China’s state planner has said the government has never required domestic technology companies to reject foreign investment, seeking to clarify its position as scrutiny intensifies around capital flows into strategically sensitive sectors. The statement came in response to questions over whether Chinese firms could be asked to refuse US funding.
Li Chao, spokesperson for the National Development and Reform Commission, said Chinese technology companies had not been instructed to avoid foreign capital. However, he added that overseas investment must comply with Chinese law and must not harm national security or national interests. That qualification keeps the door open to foreign participation, while reinforcing Beijing’s authority to intervene where technology, ownership or strategic risk is involved.

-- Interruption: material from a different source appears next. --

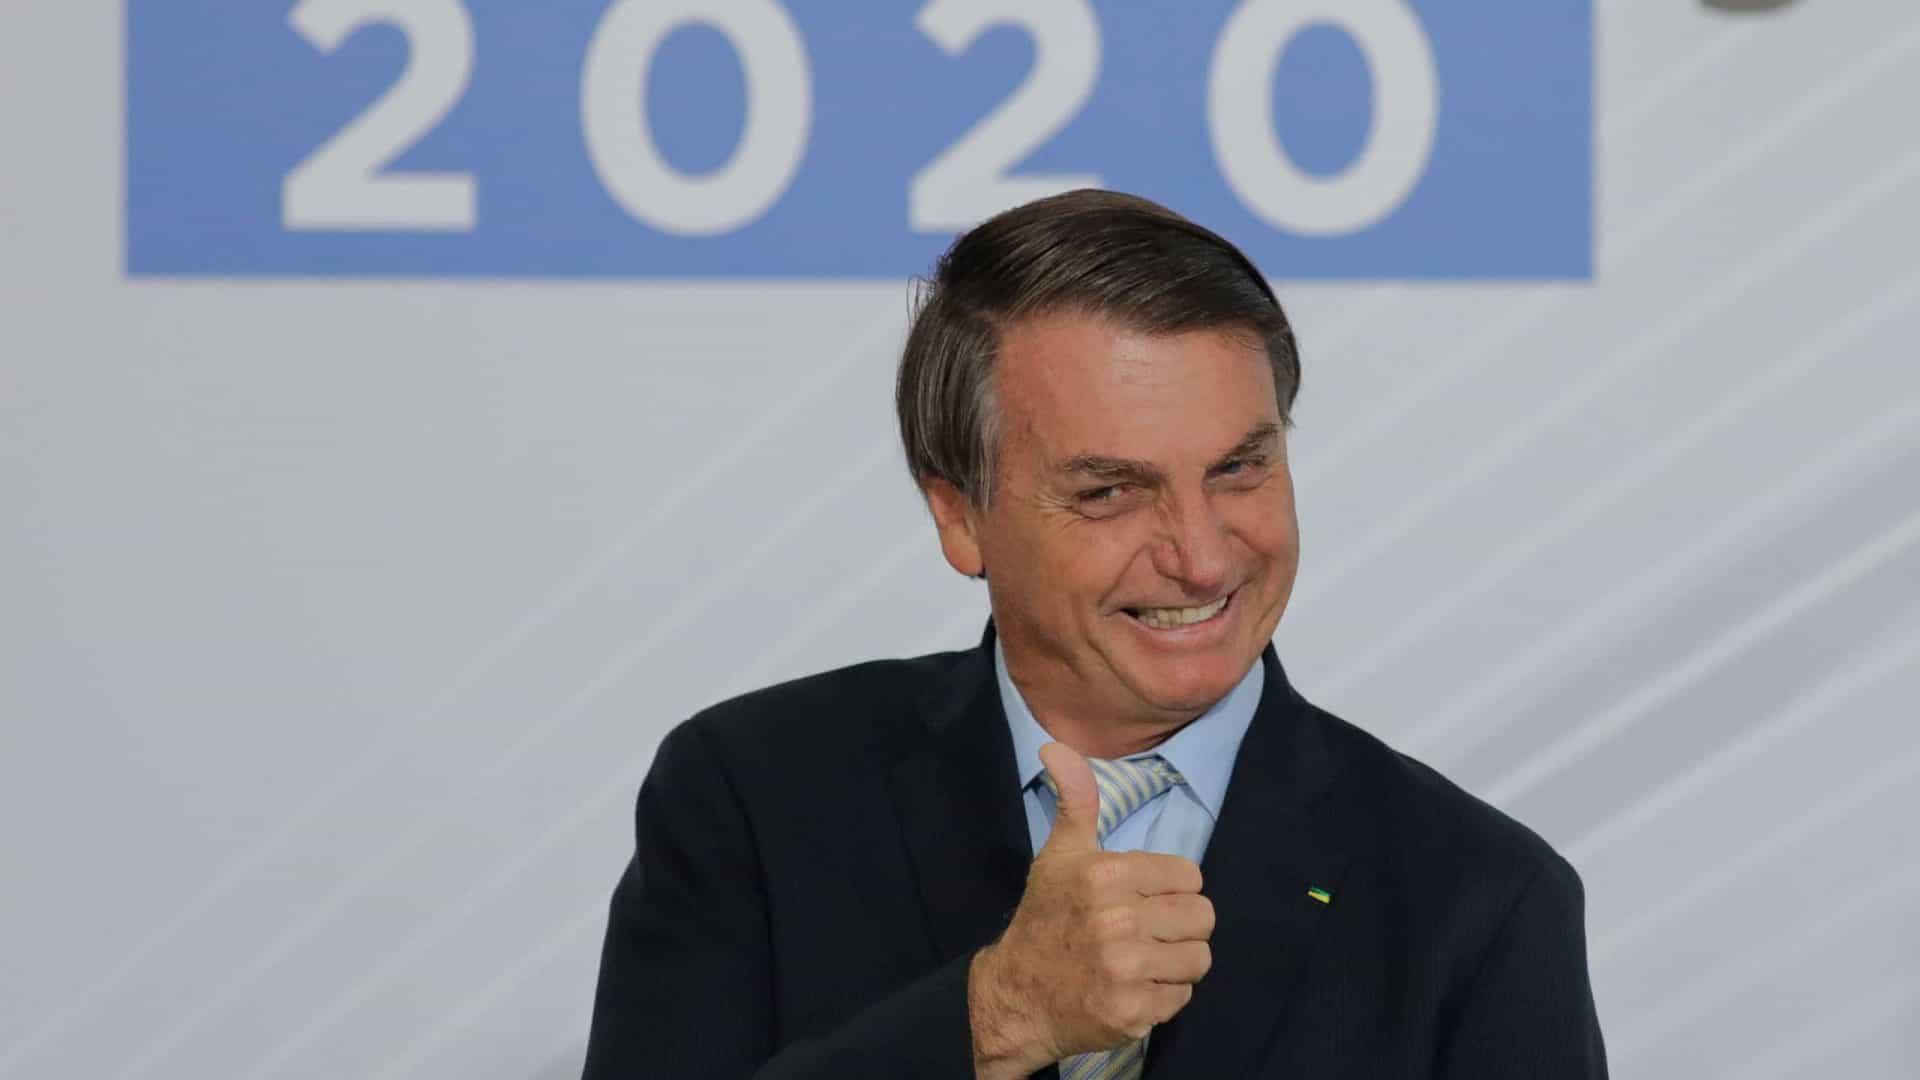 naom 5fd38e9dca127 - Se a gente não tiver voto impresso, pode esquecer eleição de 22, diz Bolsonaro a apoiadores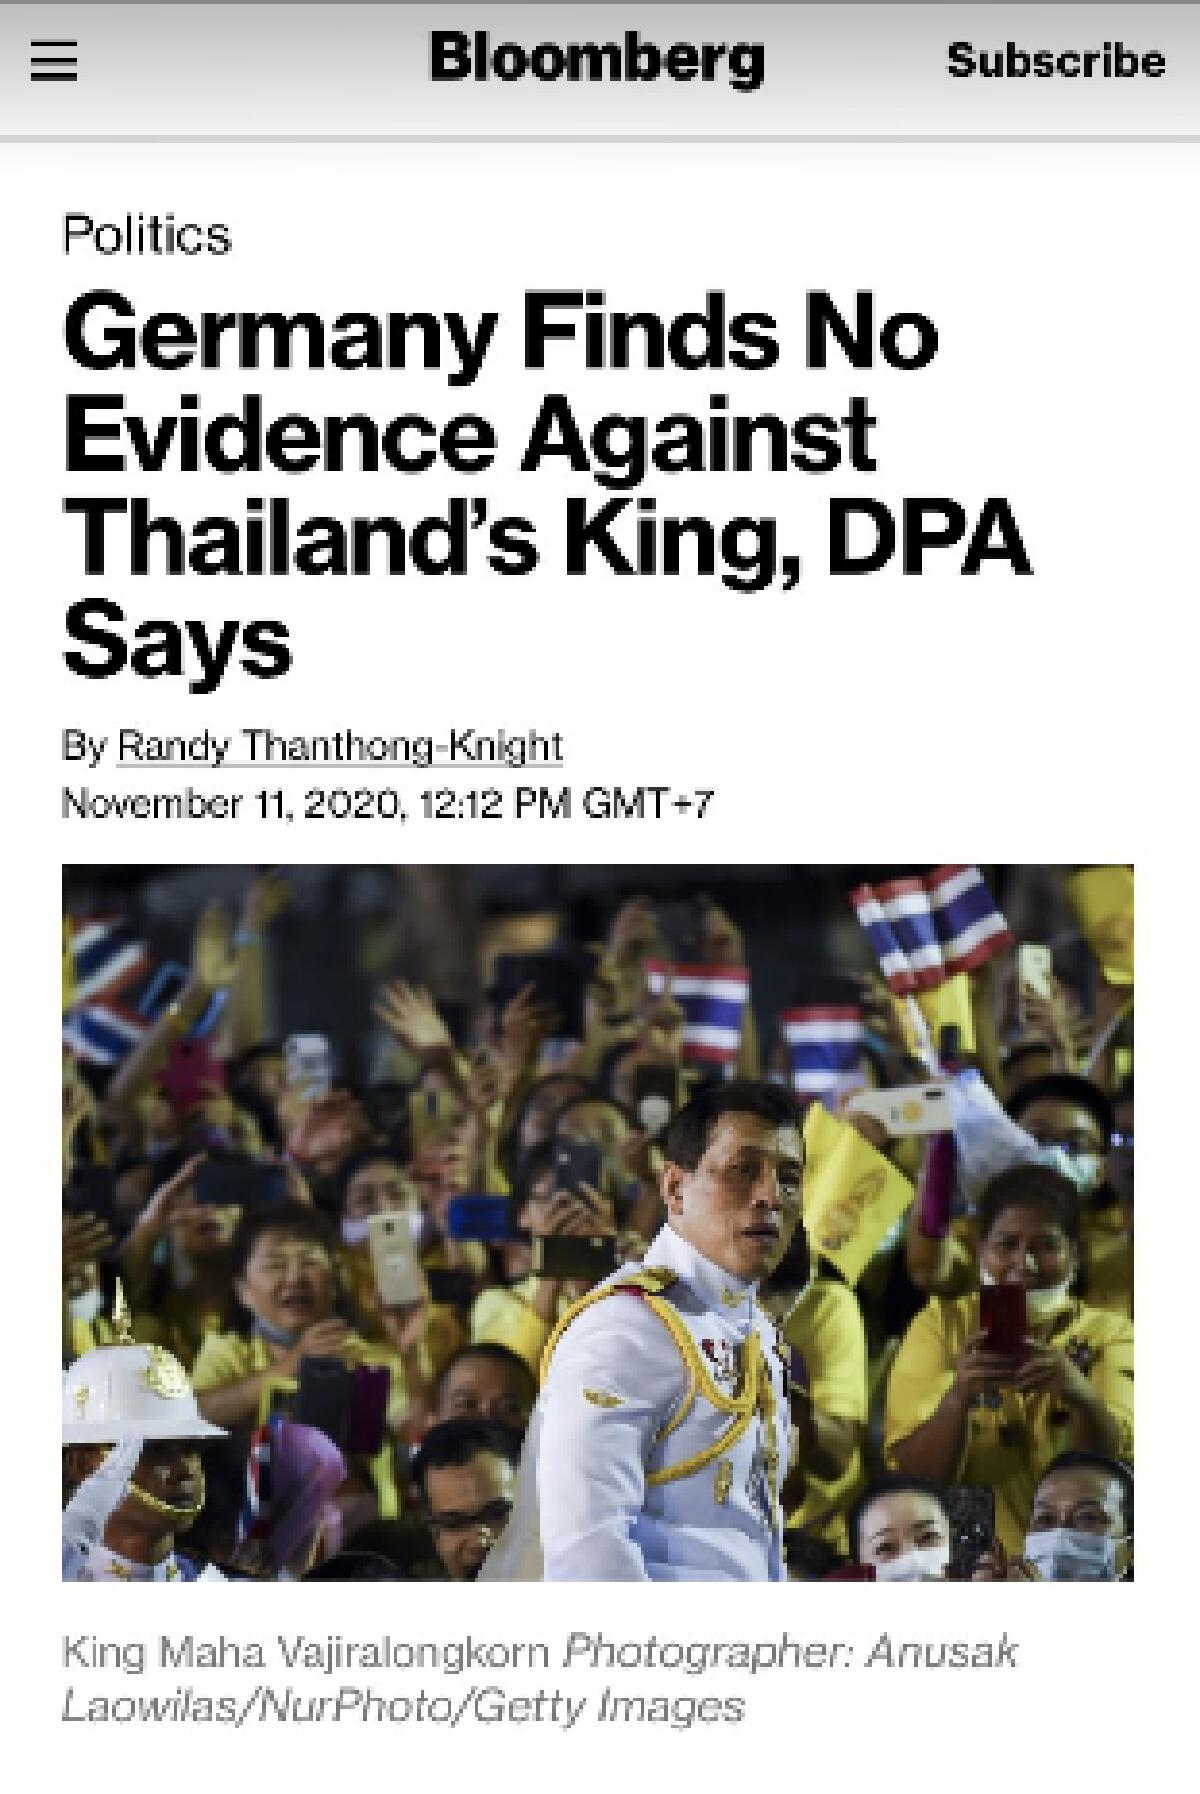 ชัดเจน! เยอรมนี แถลงไม่พบหลักฐานว่ากษัตริย์ไทยทรงงานละเมิดกฎหมาย

The clarification follows reports that regulators had told several private technology companies, including leading artificial intelligence start-ups, to reject US investment in funding rounds unless explicit approval was granted. The denial therefore matters less as a broad invitation to capital than as an attempt to define the boundaries of acceptable participation in a more security-conscious investment climate.
The issue has sharpened since Chinese authorities ordered Meta to unwind its acquisition of Manus, a domestic artificial intelligence start-up. That decision unsettled parts of the start-up and foreign business communities, highlighting the extent to which AI investment is now being assessed through both commercial and national-security lenses.
The unresolved question is how predictable China’s investment environment can remain for foreign capital in sensitive technologies. Beijing is signalling that foreign investment is not formally unwelcome, but its national-security caveat gives regulators considerable discretion. For investors, the practical challenge is no longer simply market access, but understanding where commercial opportunity ends and strategic sensitivity begins.